Recorded information:
____________
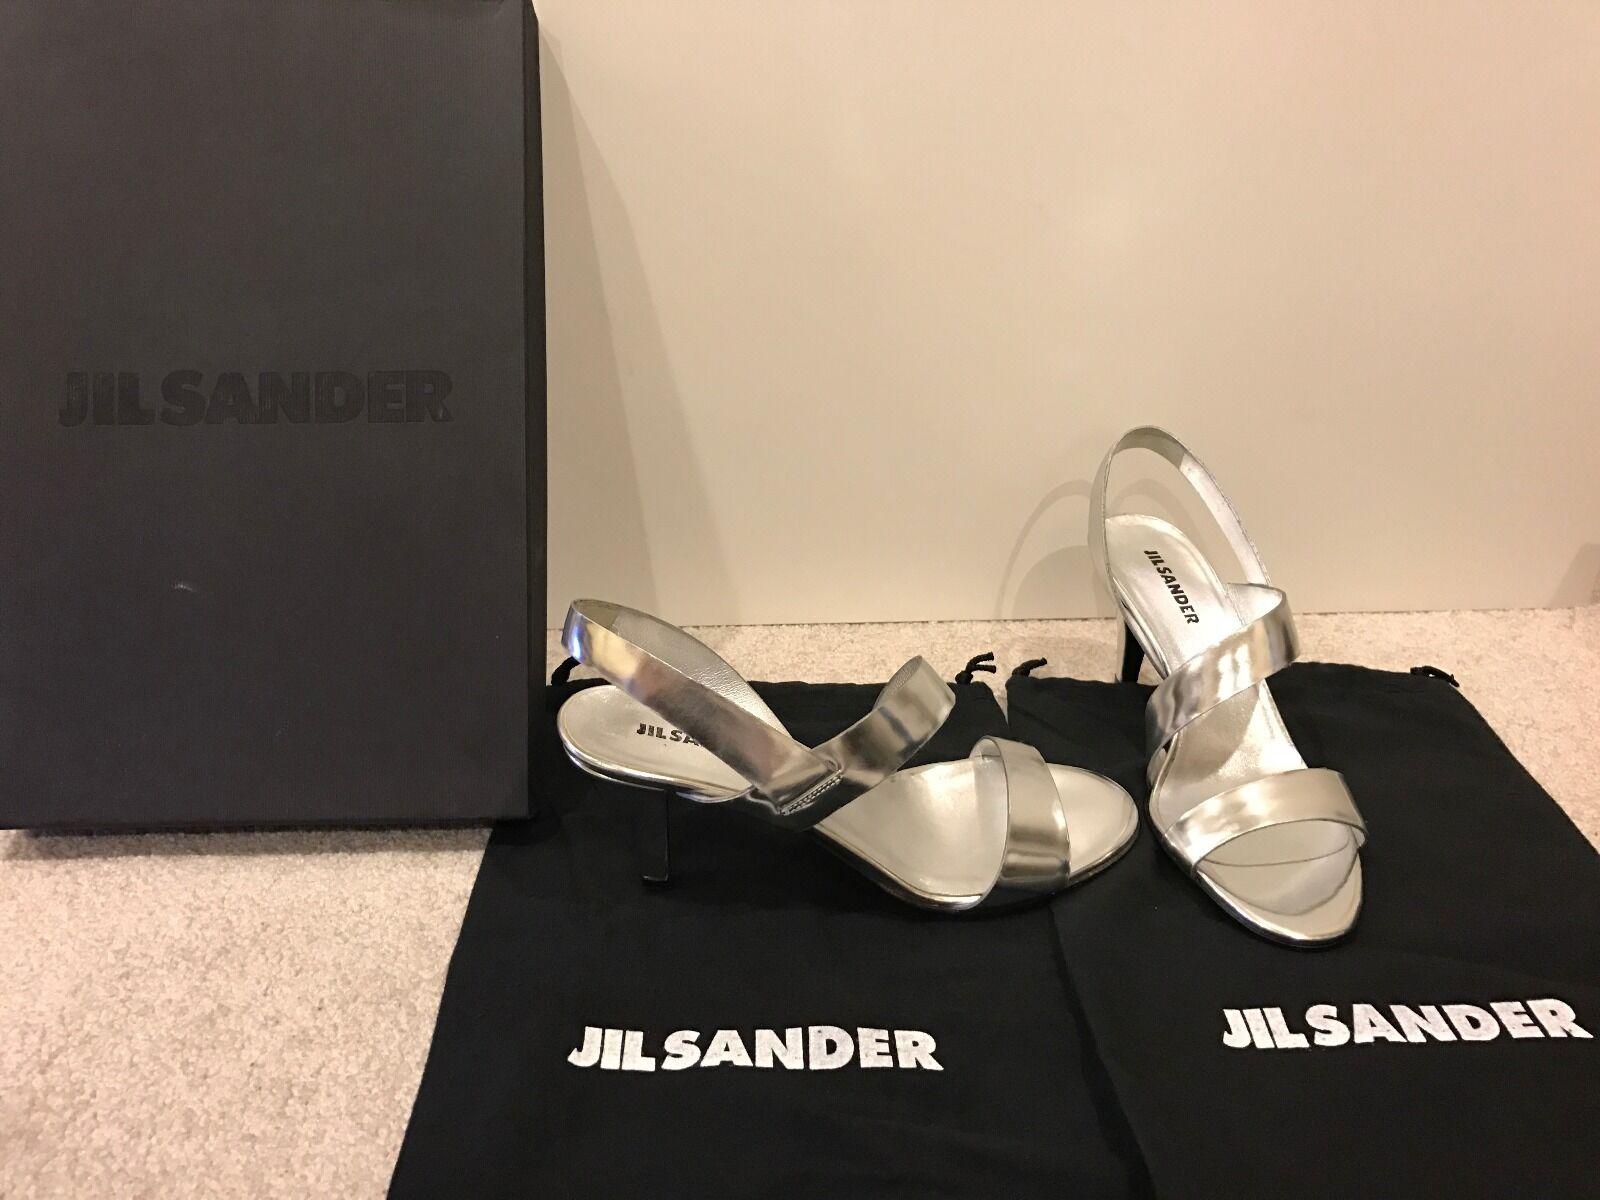 Jil Jil Jil Sander MSRP  390 kvinnor skor Storlek 6  36 Sandals Open Toe klackar  mode galleria
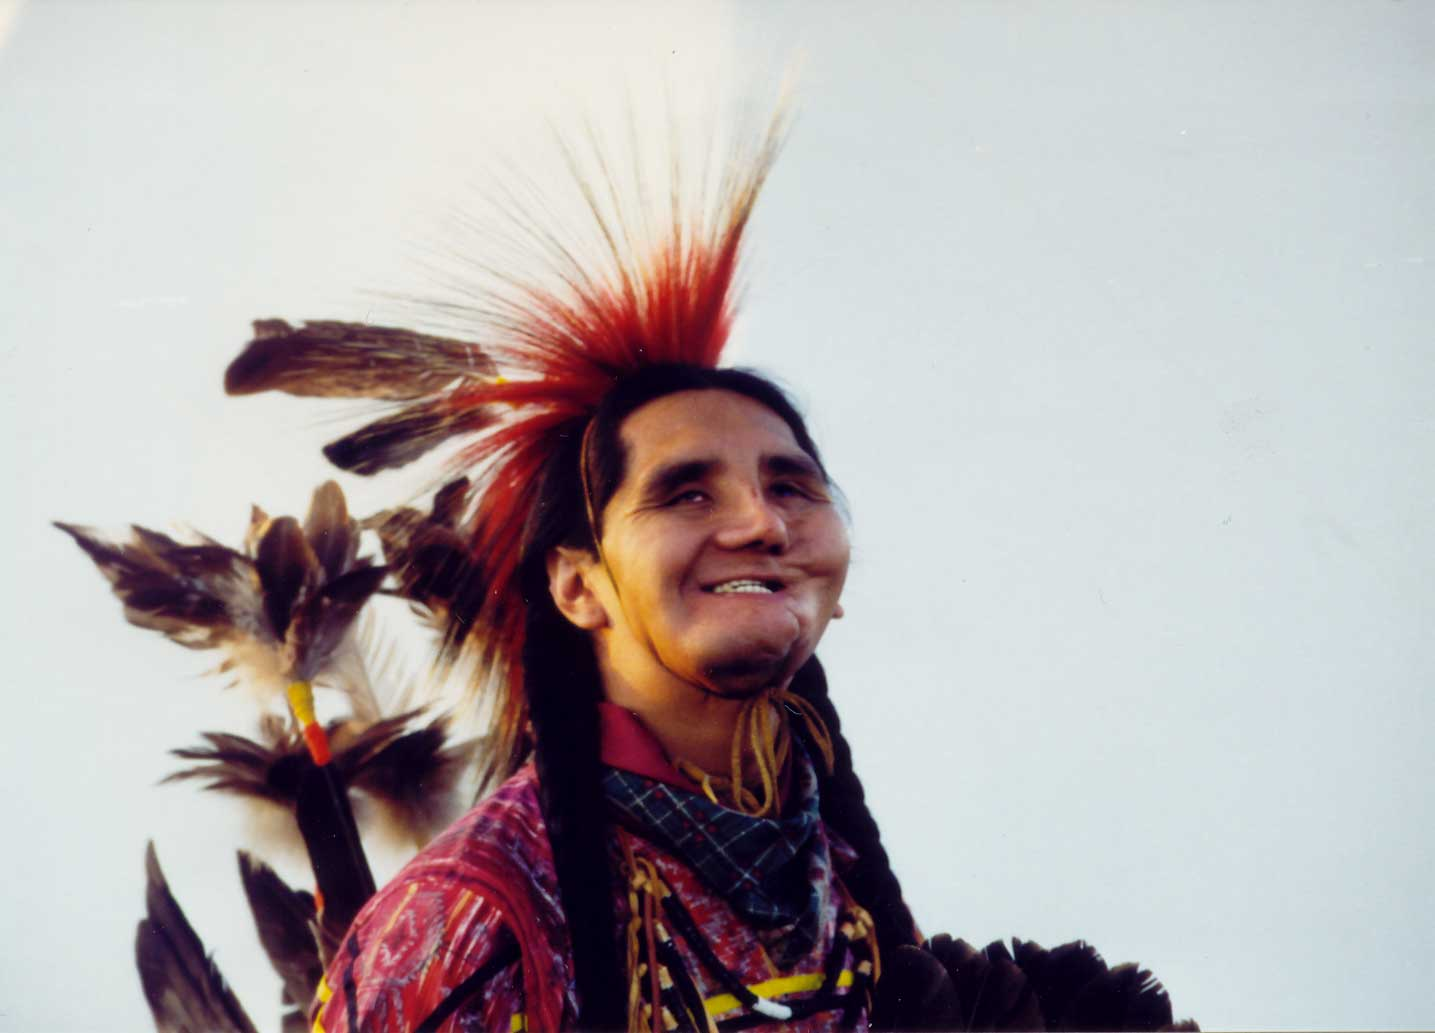 Arnold W. Thomas in native dress.Photo from WhiteBuffaloKnife.com
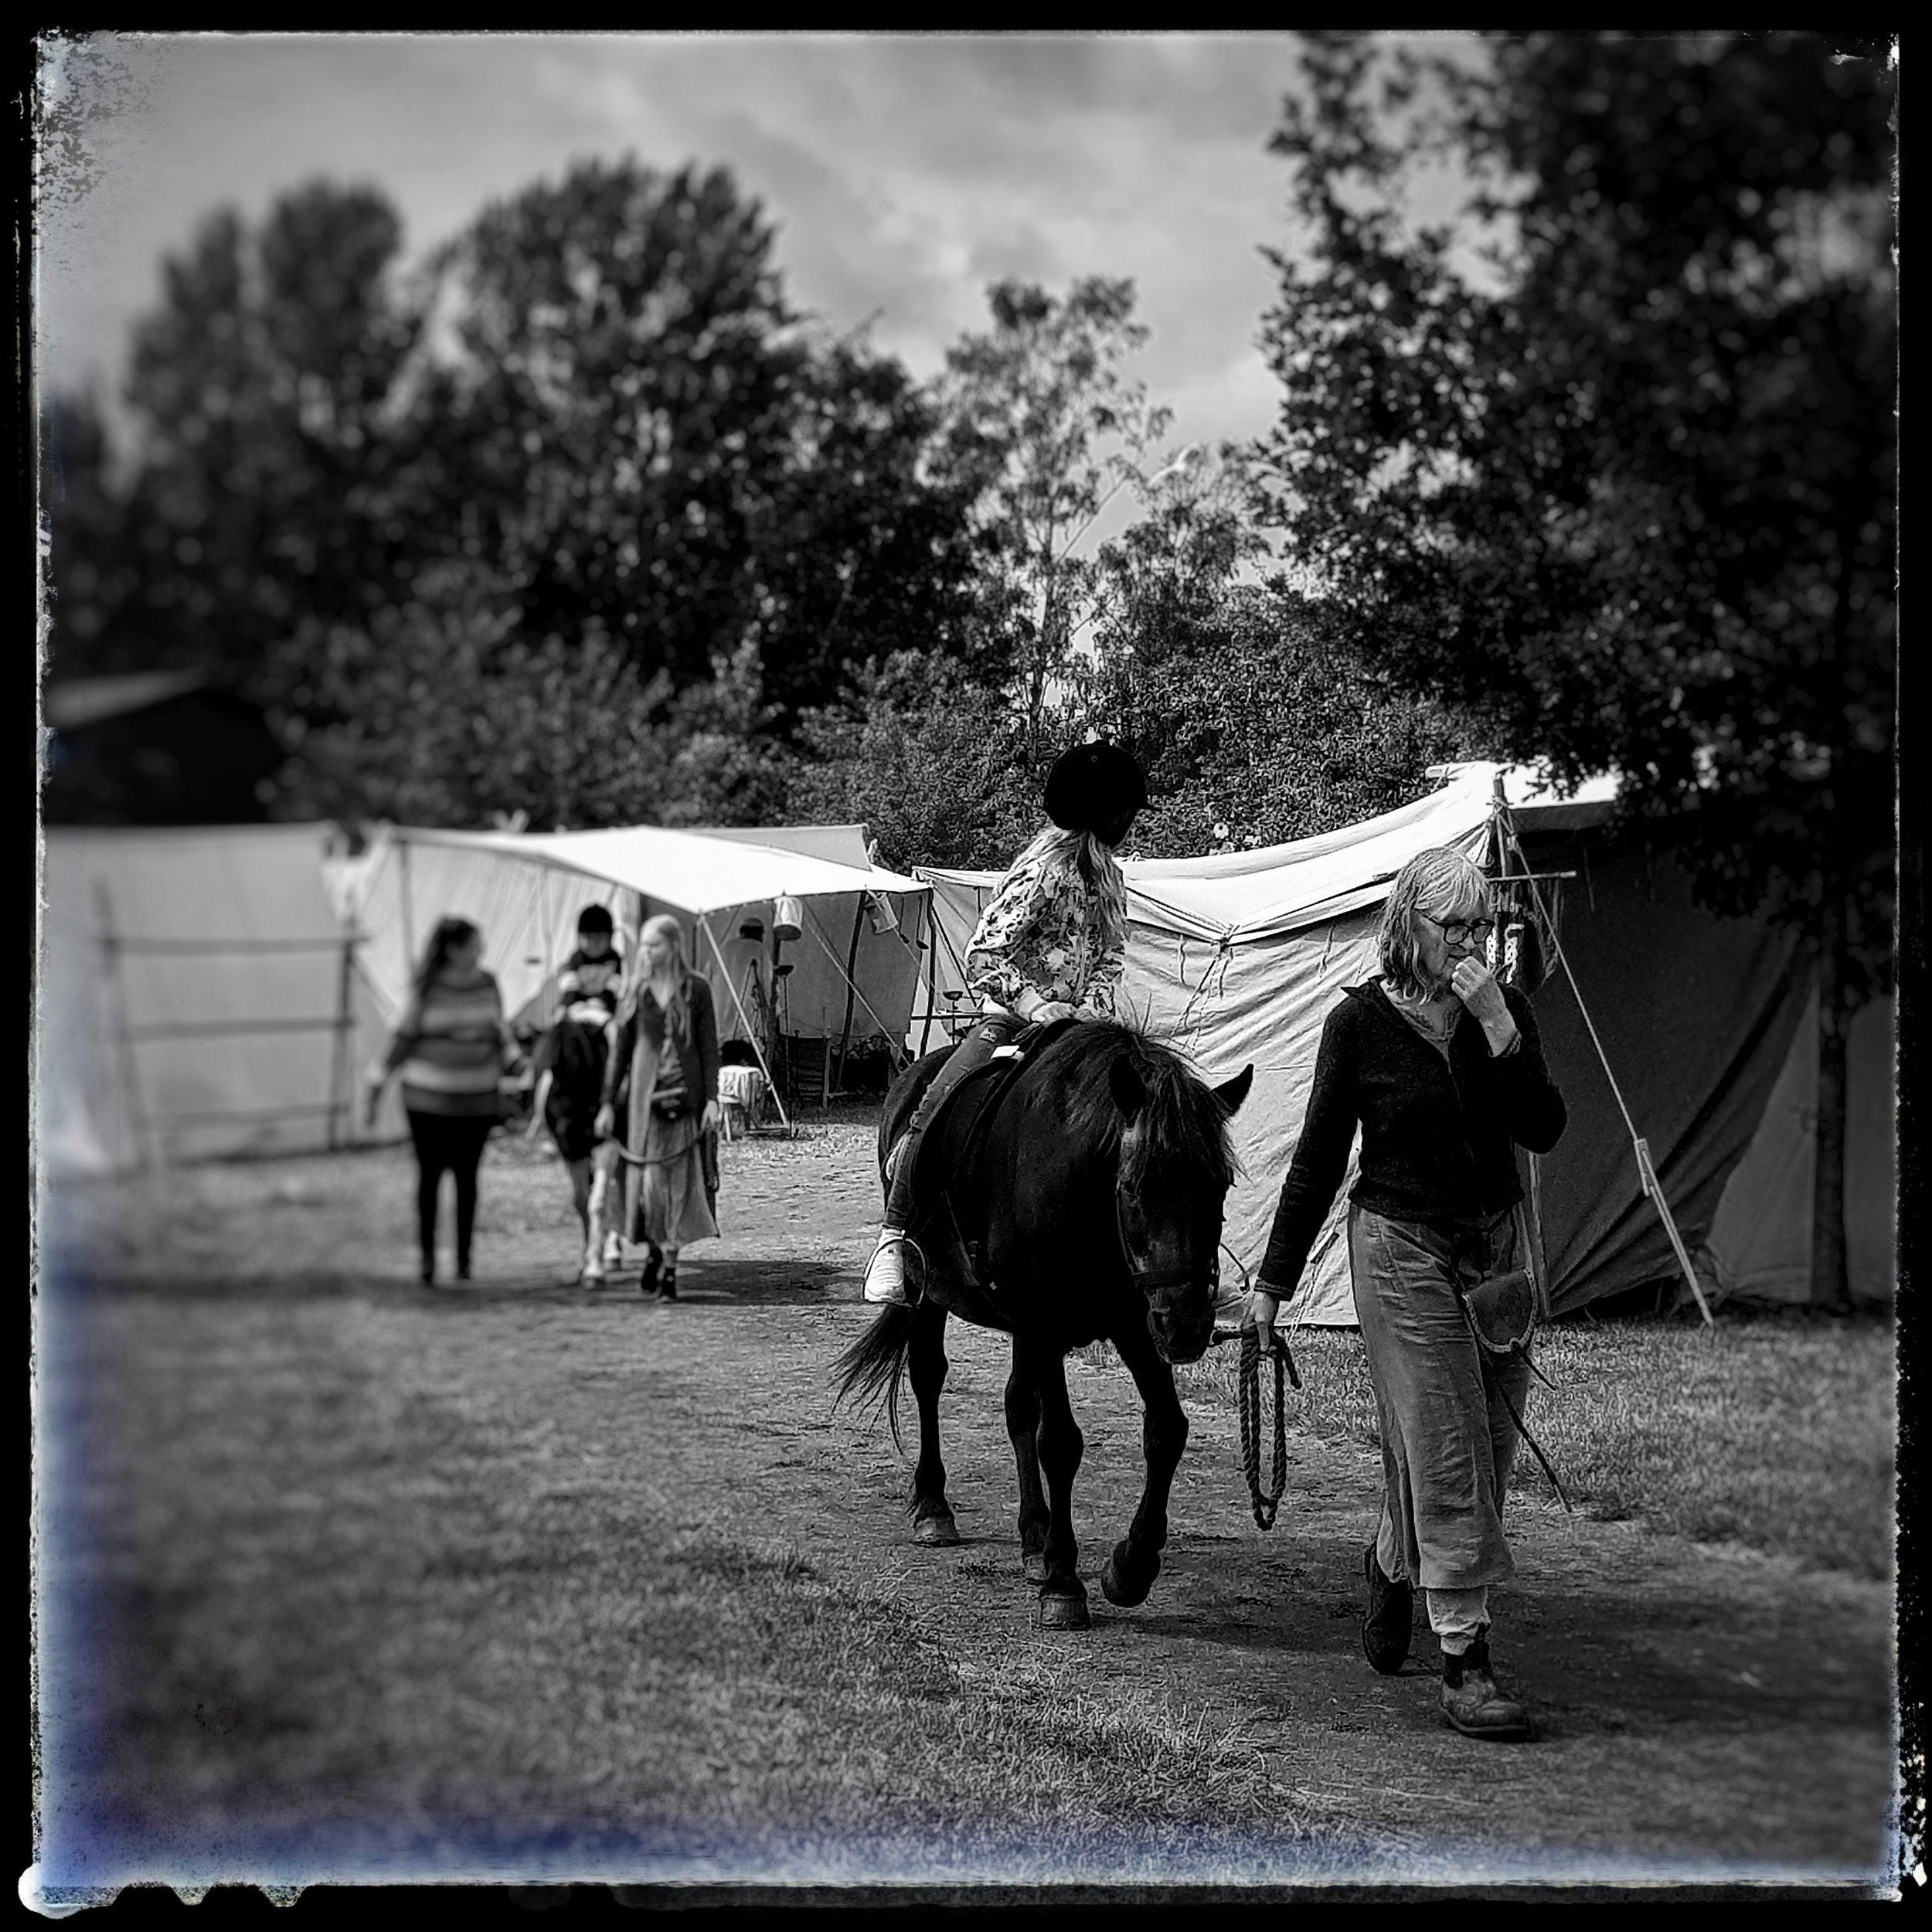 Day 188 - July 7: Horse ride at the Viking market
____________
Task goal: Could the lines above be copied out exactly, with no image carried over?

Final answer:
 Jil Jil Jil Sander MSRP  390 kvinnor skor Storlek 6  36 Sandals Open Toe klackar  mode galleria
 Arnold W. Thomas in native dress.Photo from WhiteBuffaloKnife.com
 Day 188 - July 7: Horse ride at the Viking market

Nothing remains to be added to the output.